Mme CEO, Ottawa City Council, Ottawa Inner City Health, you are responsible for a very, very serious situation, and the collateral damage to the community at large must finally be factored into your strategy. Your work in harm reduction is noble and courageous, but it’s very difficult to feel compassionate at knife point, so if you’re in the business of harm reduction, then please reduce it. Do not continue to transfer it with myopic, half-assed solutions. Reduce the harm to the elderly woman who was punched in the face. Reduce the harm to the woman who had to be rescued from a ledge. Reduce the harm to the woman who hides a baseball bat in her boutique. People just want to open their shops, employ their staff, welcome tourists, and enjoy their neighbourhood.

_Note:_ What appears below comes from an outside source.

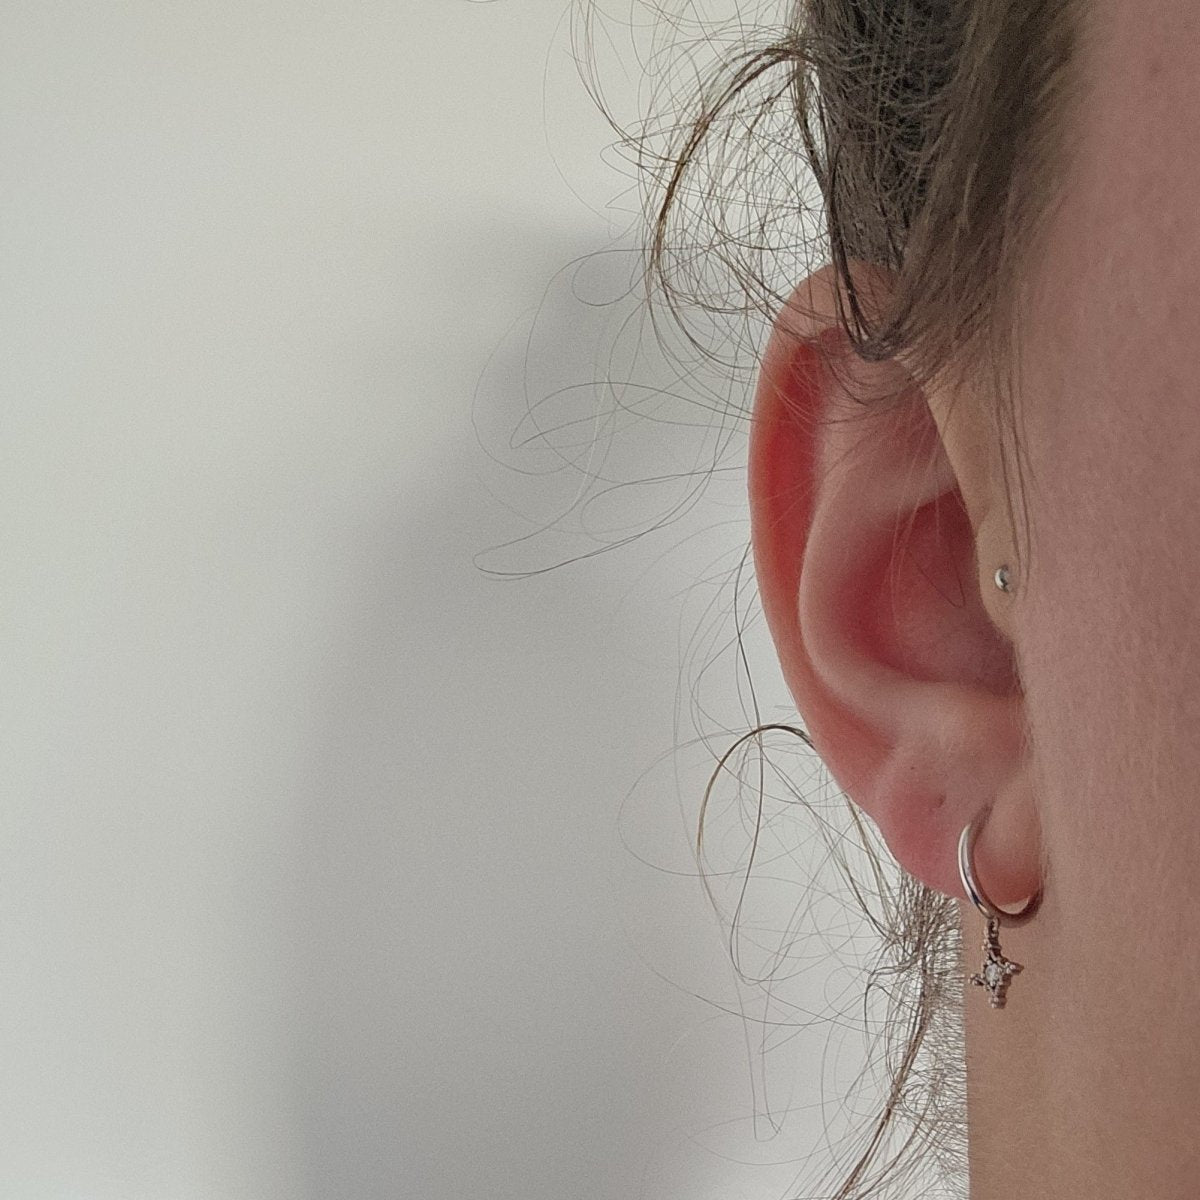 Boucles d’oreilles or blanc mini créoles avec diamants Stone Paris - Castafiore

Perhaps money talks. Tour groups are cancelling visits. Buses that used to drop off groups of 50 for overnight stays are now skipping Ottawa. Tripadvisor reviews are getting worse. Lonely Planet recommends avoiding the ByWard Market. It’s no surprise. During Canada 150, some American tourists asked me if there were any parts of town that they should avoid. At the time, I smugly thought, in that oh-so-Canadian way, that this was an American view of cities and that we had somehow done better. Apparently, I was wrong.


Michael Bussière was born in Lowertown. His grandparents owned the Windsor Smoke Shop on the corner of Rideau and Dalhousie Streets in the 1930s and 40s. His dad was a police officer, and his parish priest was Fr. Jack Heffernan, who started the Shepherds of Good Hope as a humble shelter and soup kitchen in the basement of St. Bridget’s Church with the support of neighbours.